> I could hardly disagree more with the premise that activism is anti-fellowship.
If you are doing activism, in the workplace, that runs against the beliefs and opinions of (some of the) the people you work with. How could this be anything but anti-fellowship?
Which beliefs and opinions? What if I'm arguing that our non-white employees are being passed over for promotions, and our women employees are all chronically underpaid compared to the men? How would that be more anti-fellowship than your fellows not being paid equitably?
What if you're arguing that women should stay at home, or that climate change is fake, or immigrants are a blight on society?
It works both ways I'm afraid. And many people will think that those opinions are somehow good for society and that they're being good team players by pushing them.
It does not work both ways when the things I'm arguing for are directly impacting my fellow coworkers, and are the results of direct decisions by the higher ups. It's not a question of society at that point, it's a question of what's good for the company.

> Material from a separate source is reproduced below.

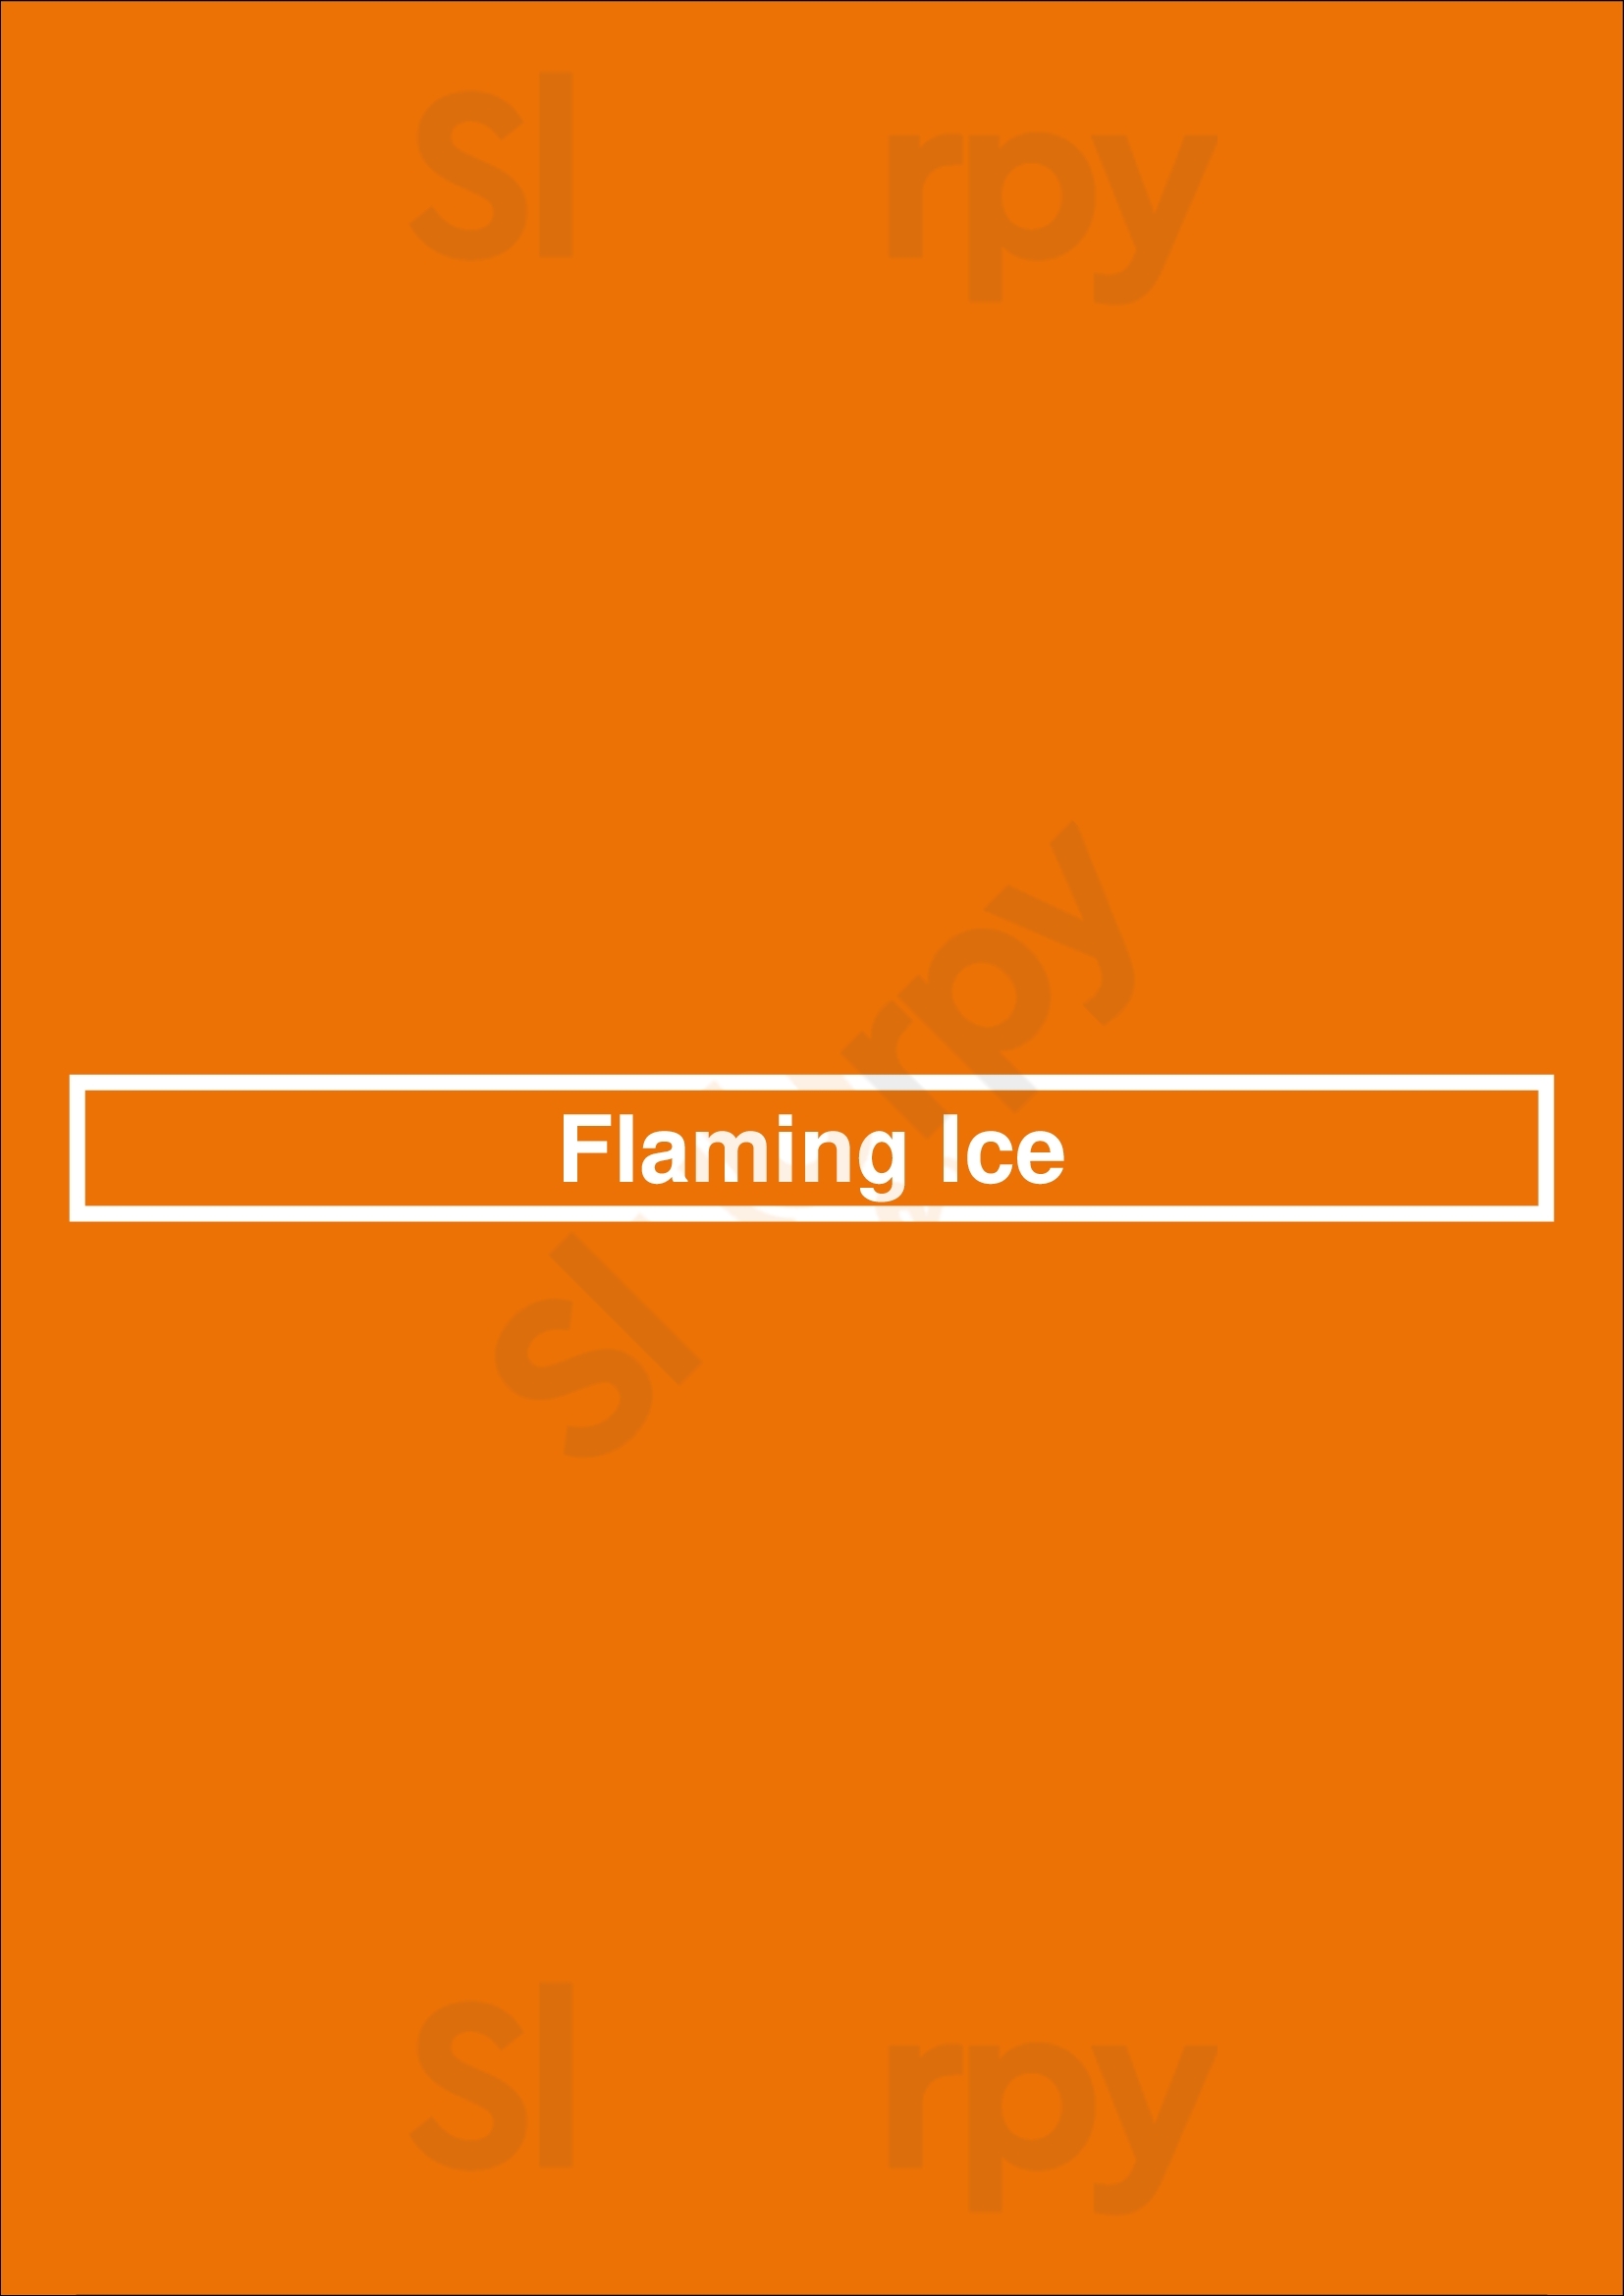 Flaming Ice Surrey Menu - 1

OP loves his fellowship analogy, but you can't have a fellowship where the halflings are only getting half-rations and Gandalf refuses to let the Dwarves participate in half of their endeavours.
I see that many assumptions are made about the value of fellowship and the effects of activism. And this is why I disagree with the premise -- I can't start with those assumptions.
If you are doing activism, in the workplace, that runs against the beliefs and opinions of (some of the) the people you work with. How could this be anything but anti-fellowship?